快速安装 kafka 集群

前言

最近因为工作原因，需要安装一个 kafka 集群，目前网络上有很多相关的教程，按着步骤来也能完成安装，只是这些教程都显得略微繁琐。因此，我写了这篇文章帮助大家快速完成 kafka 集群安装。

安装步骤

准备多台服务器，数量建议为奇数（如：3，5，7 等），操作系统为 CentOS 7+。

这里使用 3 台服务器作为例子，IP 分别为 192.168.1.1、192.168.1.2、192.168.1.3，修改下述脚本文件的 IP 地址，并拷贝到 3 台服务器上分别执行即可完成安装。

#!/bin/bash

# Modify the link if you want to download other version

KAFKA_DOWNLOAD_URL="https://dlcdn.apache.org/kafka/3.1.0/kafka_2.13-3.1.0.tgz"

# Please use your own server ip

SERVERS=("192.168.1.1" "192.168.1.2" "192.168.1.3")

ID=0

MECHINE_IP=$(hostname -i)

echo "Mechine IP: "${MECHINE_IP}

LENGTH=${#SERVERS[@]}

for (( i=0; i<${LENGTH}; i++ ));

do

    if [ "${SERVERS[$i]}" = "${MECHINE_IP}" ]; then

        ID=$((i+1))

    fi

done

echo "ID: "${ID}

if [ "${ID}" -eq "0" ]; then

  echo "Mechine IP is not matched to server list"

  exit 1

fi

ZOOKEEPER_CONNECT=$(printf ",%s:2181" "${SERVERS[@]}")

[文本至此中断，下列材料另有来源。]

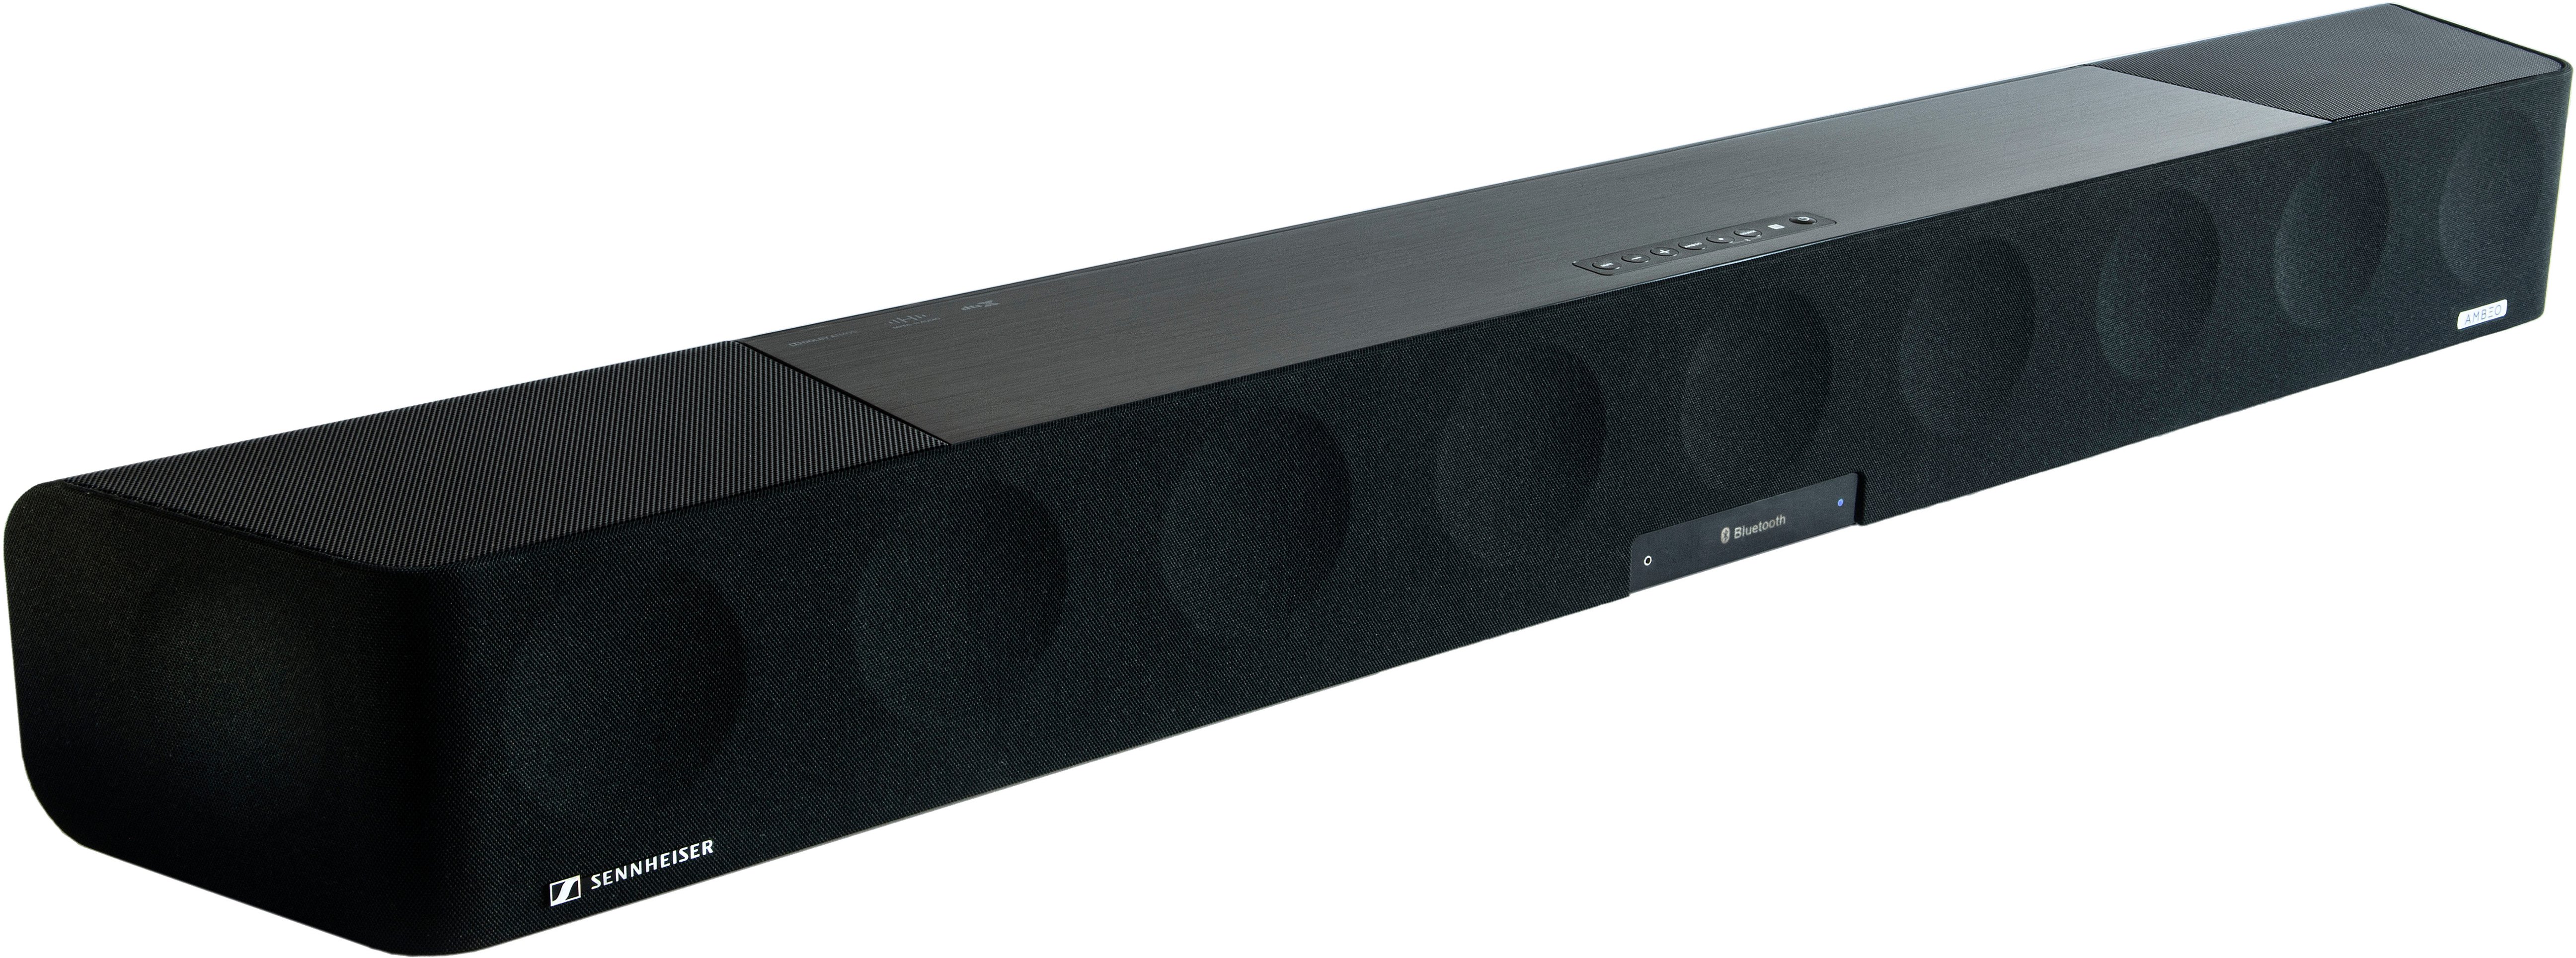 Sennheiser - 5.1.4-Channel AMBEO Soundbar with Dolby Atmos/DTS:X - Black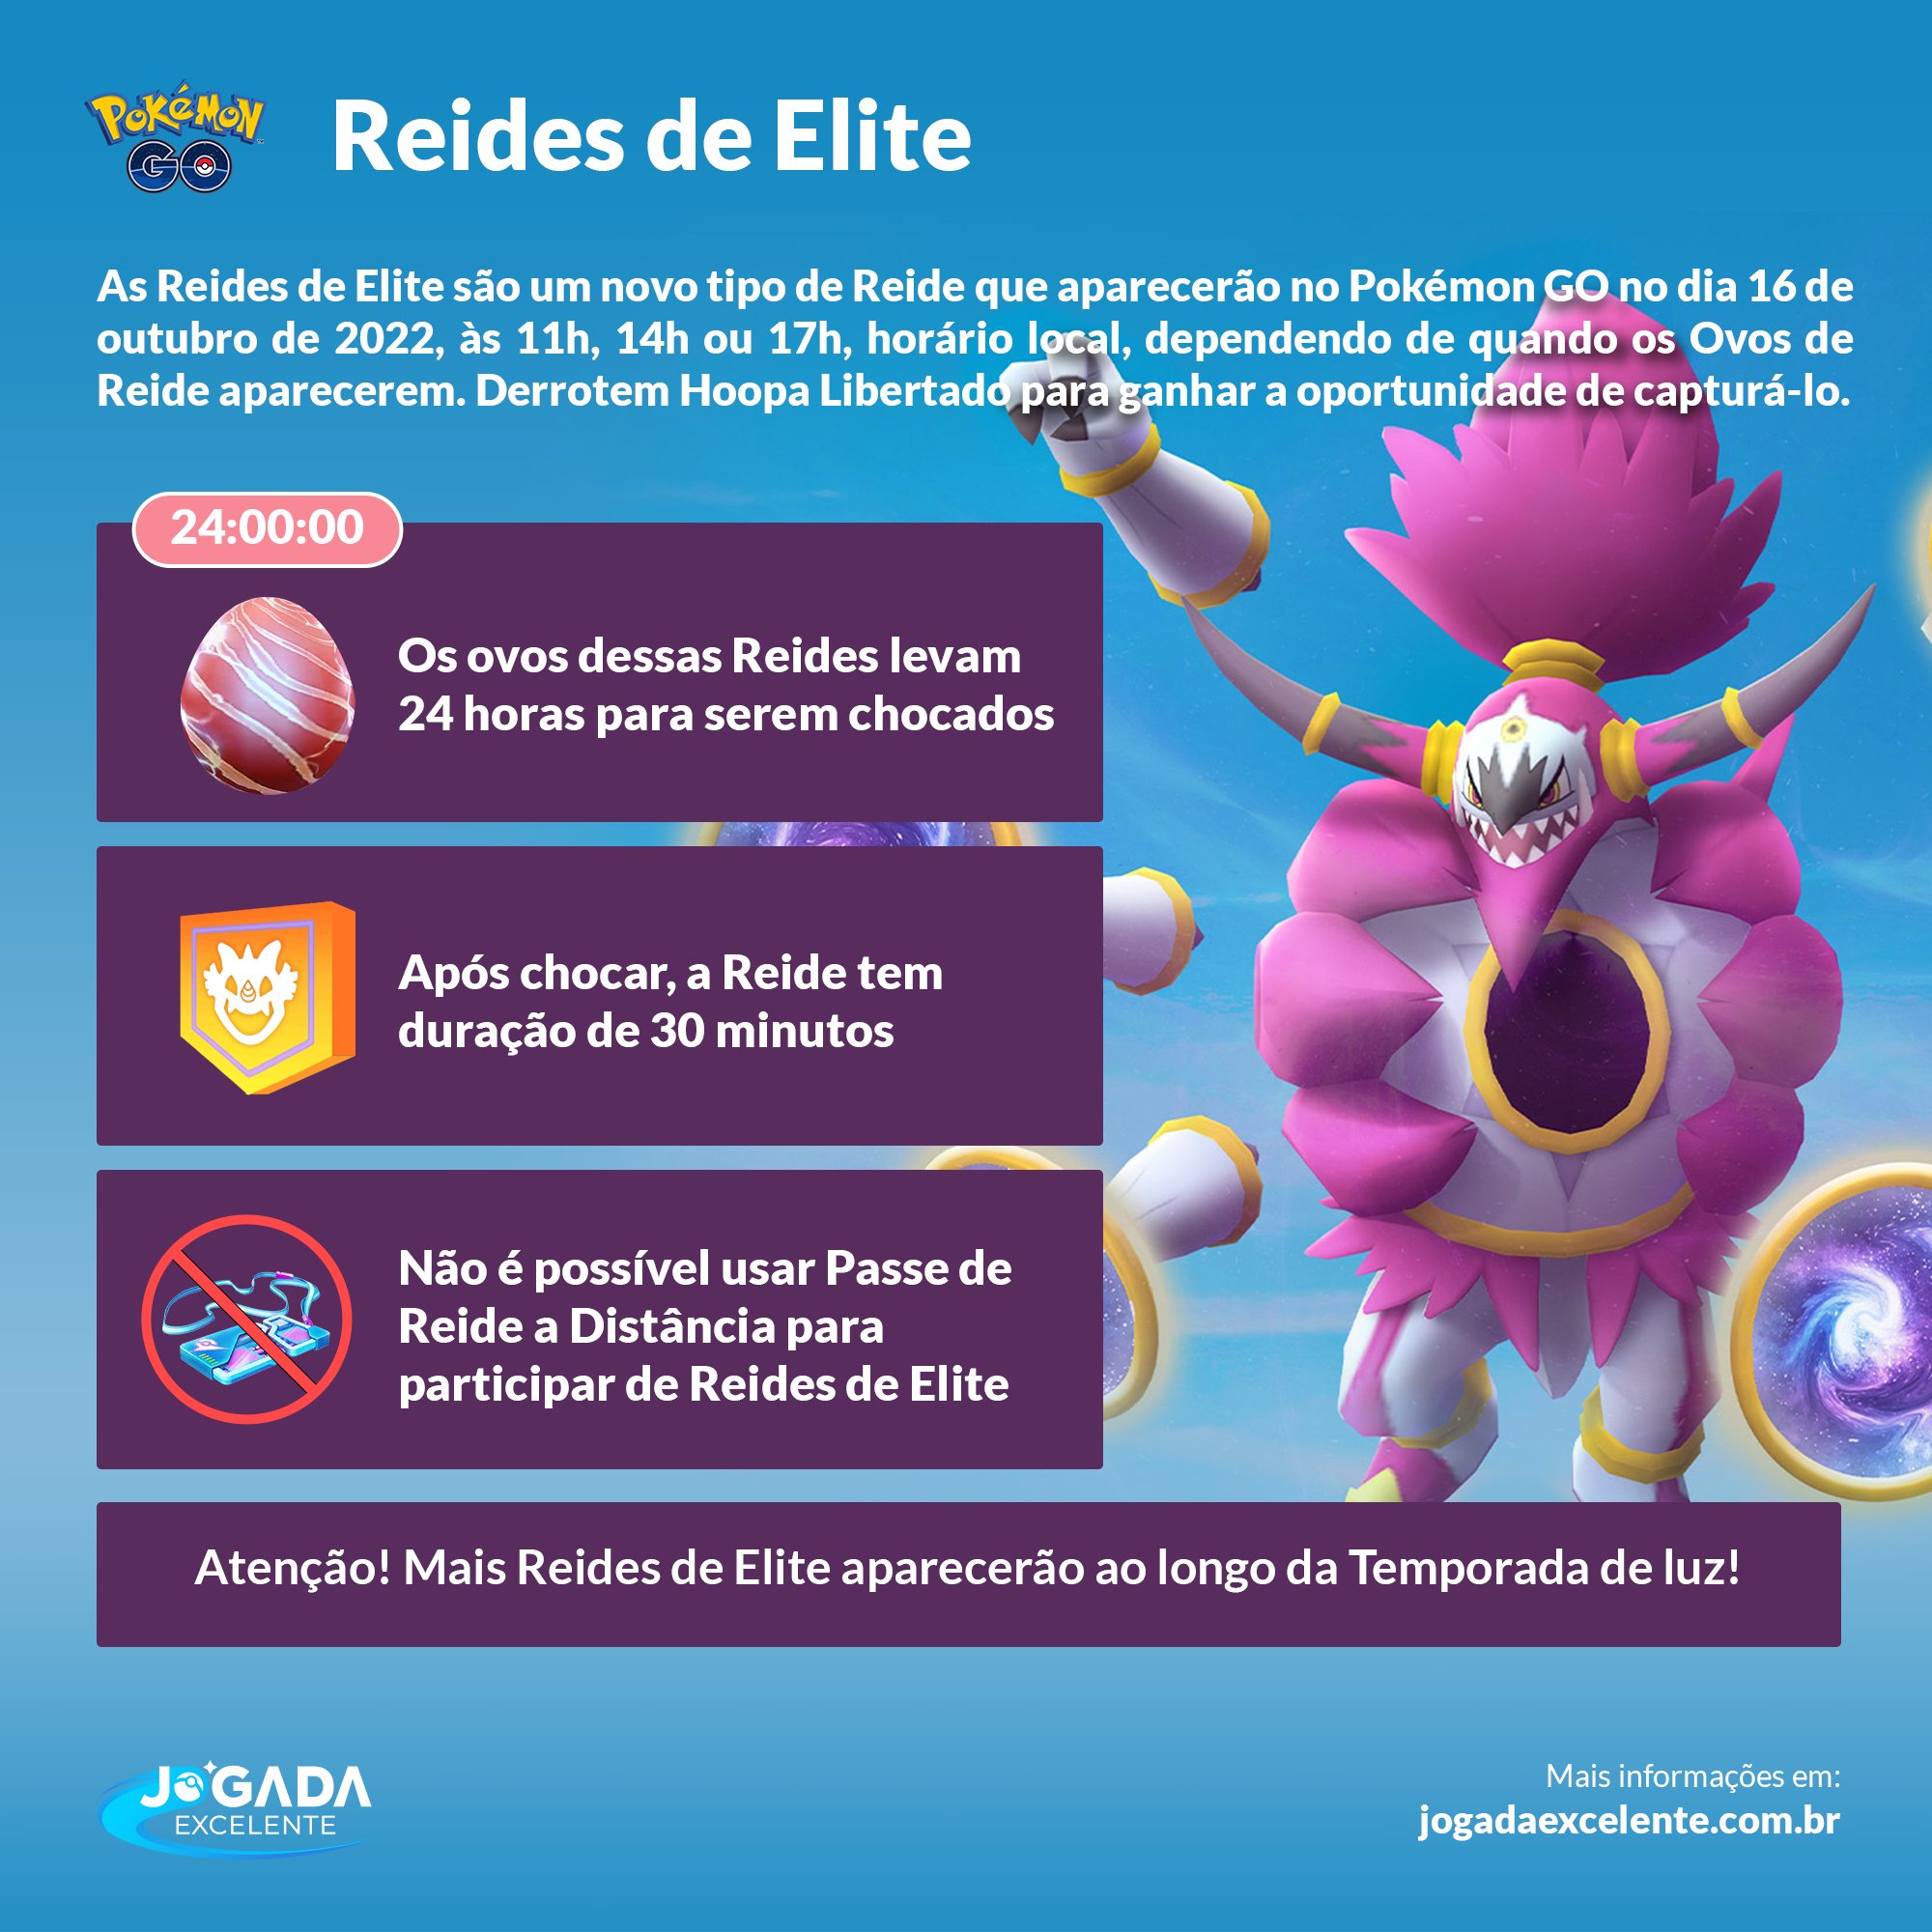 Jogada Excelente on X: Pokémon GO: As Reides de Elite são um novo tipo de  Reide que levam 24 horas para chocar e duram 30 minutos. No dia 16/10 você  poderá enfrentar

ZOOKEEPER_CONNECT=${ZOOKEEPER_CONNECT:1}

echo "Zookeeper Connect: "${ZOOKEEPER_CONNECT}

echo "---------- Update yum ----------"

yum update -y

yum install -y wget

echo "---------- Install java ----------"

yum -y install java-1.8.0-openjdk

java -version

echo "---------- Create kafka user & group ----------"

groupadd -r kafka

useradd -g kafka -r kafka -s /bin/false

echo "---------- Download kafka ----------"

cd /opt

wget ${KAFKA_DOWNLOAD_URL} -O kafka.tgz

mkdir -p kafka

tar -xzf kafka.tgz -C kafka --strip-components=1

chown -R kafka:kafka /opt/kafka

echo "---------- Install and start zookeeper ----------"

mkdir -p /data/zookeeper

chown -R kafka:kafka /data/zookeeper

echo "${ID}" > /data/zookeeper/myid

# zookeeper config

# https://zookeeper.apache.org/doc/r3.1.2/zookeeperAdmin.html#sc_configuration

cat <<EOF > /opt/kafka/config/zookeeper-cluster.properties

# the directory where the snapshot is stored.

dataDir=/data/zookeeper

# the port at which the clients will connect

clientPort=2181

# setting number of connections to unlimited

maxClientCnxns=0

# keeps a heartbeat of zookeeper in milliseconds

tickTime=2000

# time for initial synchronization

initLimit=10

# how many ticks can pass before timeout

syncLimit=5

# define servers ip and internal ports to zookeeper

EOF

for (( i=0; i<${LENGTH}; i++ ));

do

    INDEX=$((i+1))

    echo "server.${INDEX}=${SERVERS[$i]}:2888:3888" >> /opt/kafka/config/zookeeper-cluster.properties

done

# zookeeper.service

cat <<EOF > /usr/lib/systemd/system/zookeeper.service

[Unit]

Description=Apache Zookeeper server (Kafka)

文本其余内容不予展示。